▶ **Exercise aim**: For this listing, the lines between the one holding "ダヴィンチと、潜在意識、阿頼耶識、そして瞑想法" and the one holding "IKEA ВЕДДИНГЕ Фронтальная", inclusive, must be set down exactly.
──────── Given entries
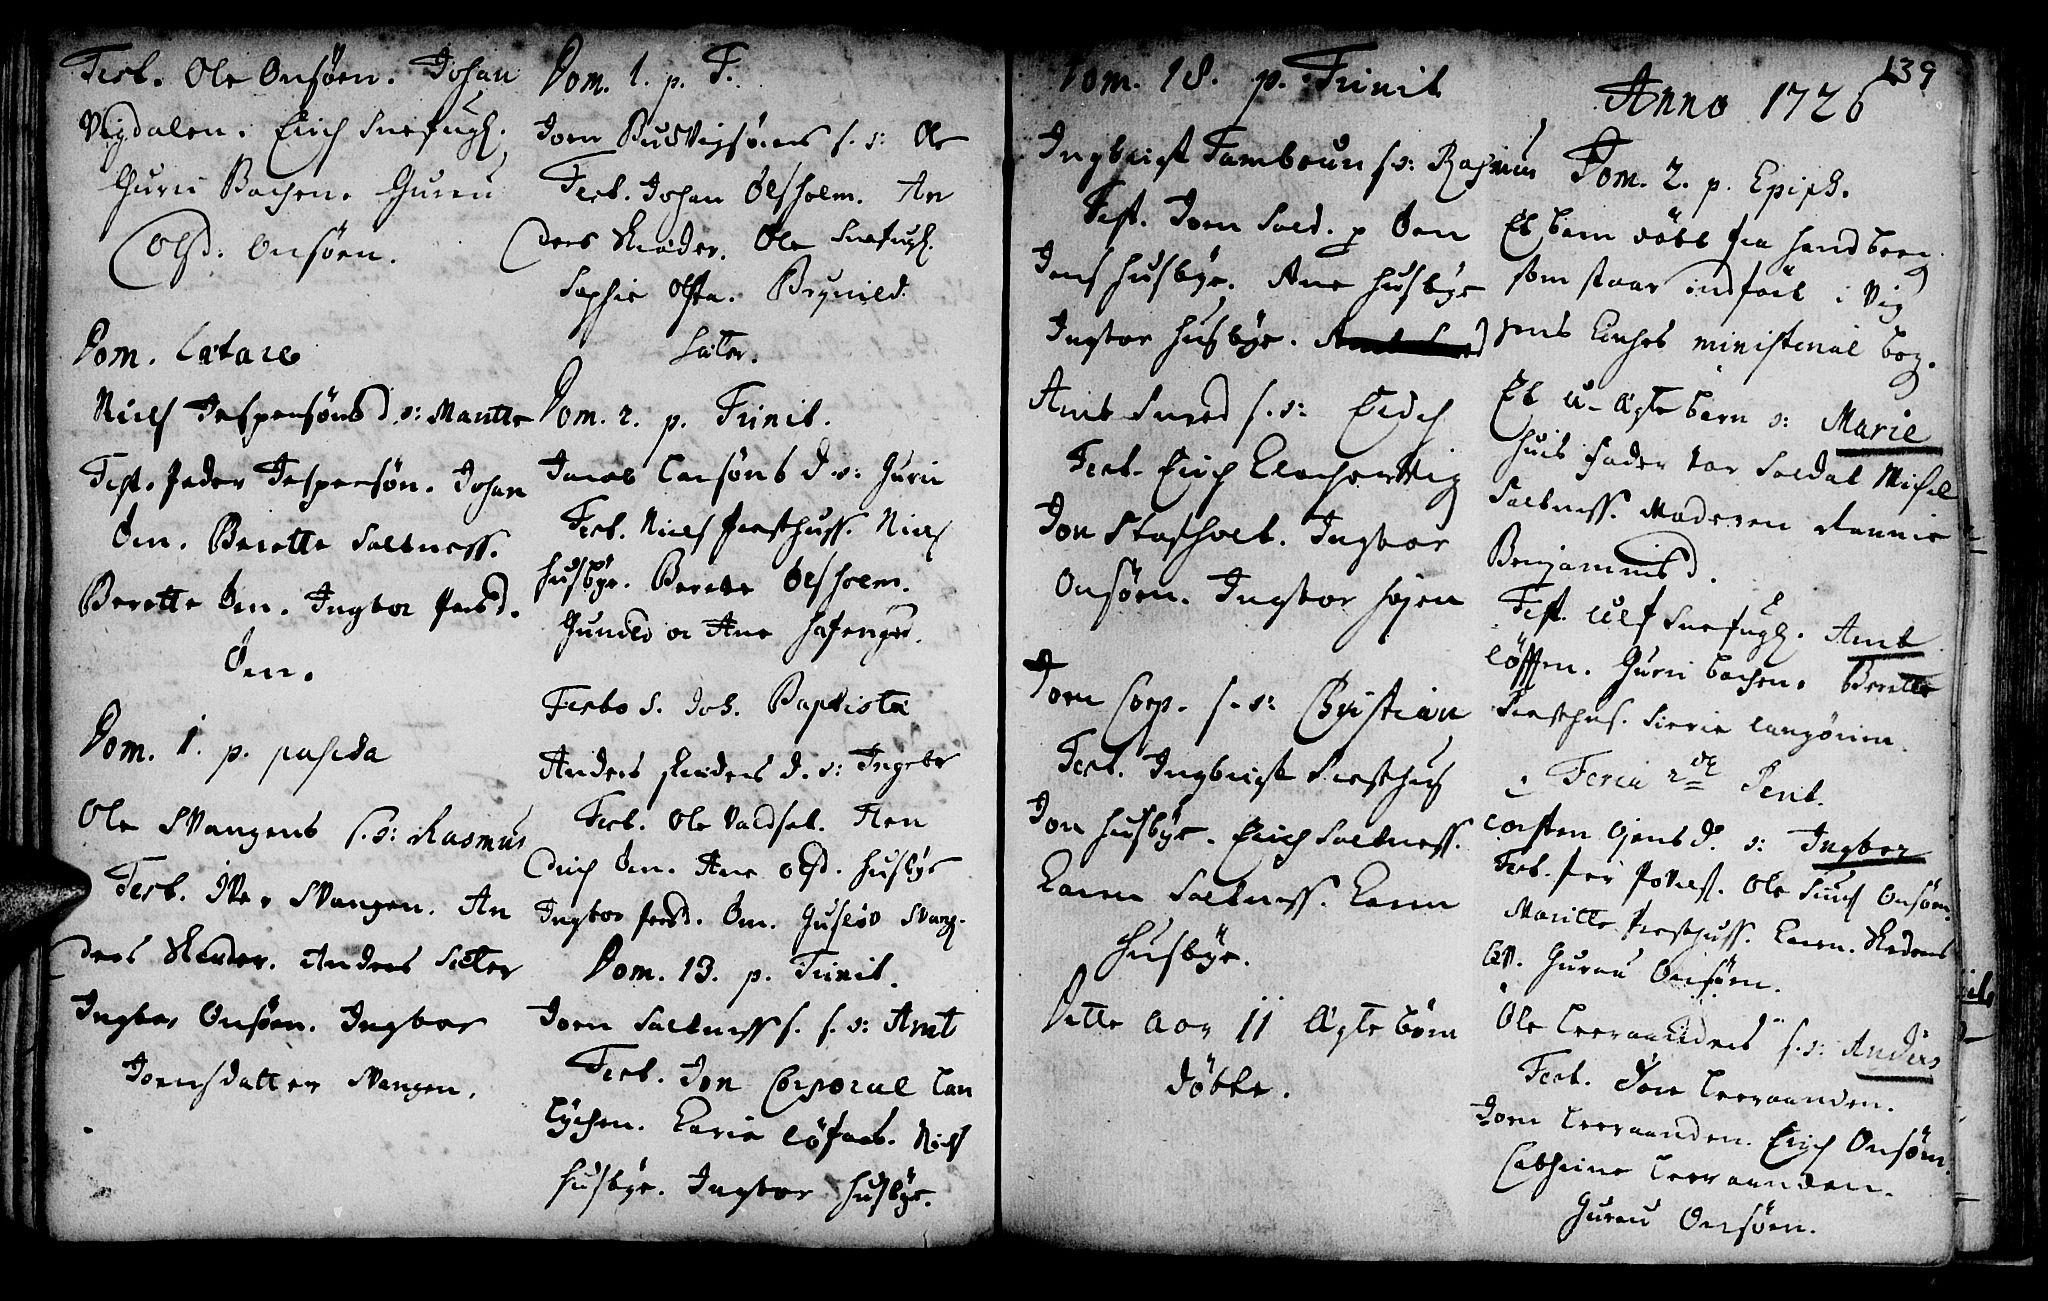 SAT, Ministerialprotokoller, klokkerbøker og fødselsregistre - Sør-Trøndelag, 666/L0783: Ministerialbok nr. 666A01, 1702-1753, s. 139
────────────────
──────── Given entries
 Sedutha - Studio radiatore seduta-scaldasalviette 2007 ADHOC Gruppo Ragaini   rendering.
────────────────
──────── Given entries
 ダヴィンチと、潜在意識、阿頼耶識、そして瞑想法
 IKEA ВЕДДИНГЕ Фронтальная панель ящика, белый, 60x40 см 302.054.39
────────────────
▶ **Response to this exercise**:
 ダヴィンチと、潜在意識、阿頼耶識、そして瞑想法
 IKEA ВЕДДИНГЕ Фронтальная панель ящика, белый, 60x40 см 302.054.39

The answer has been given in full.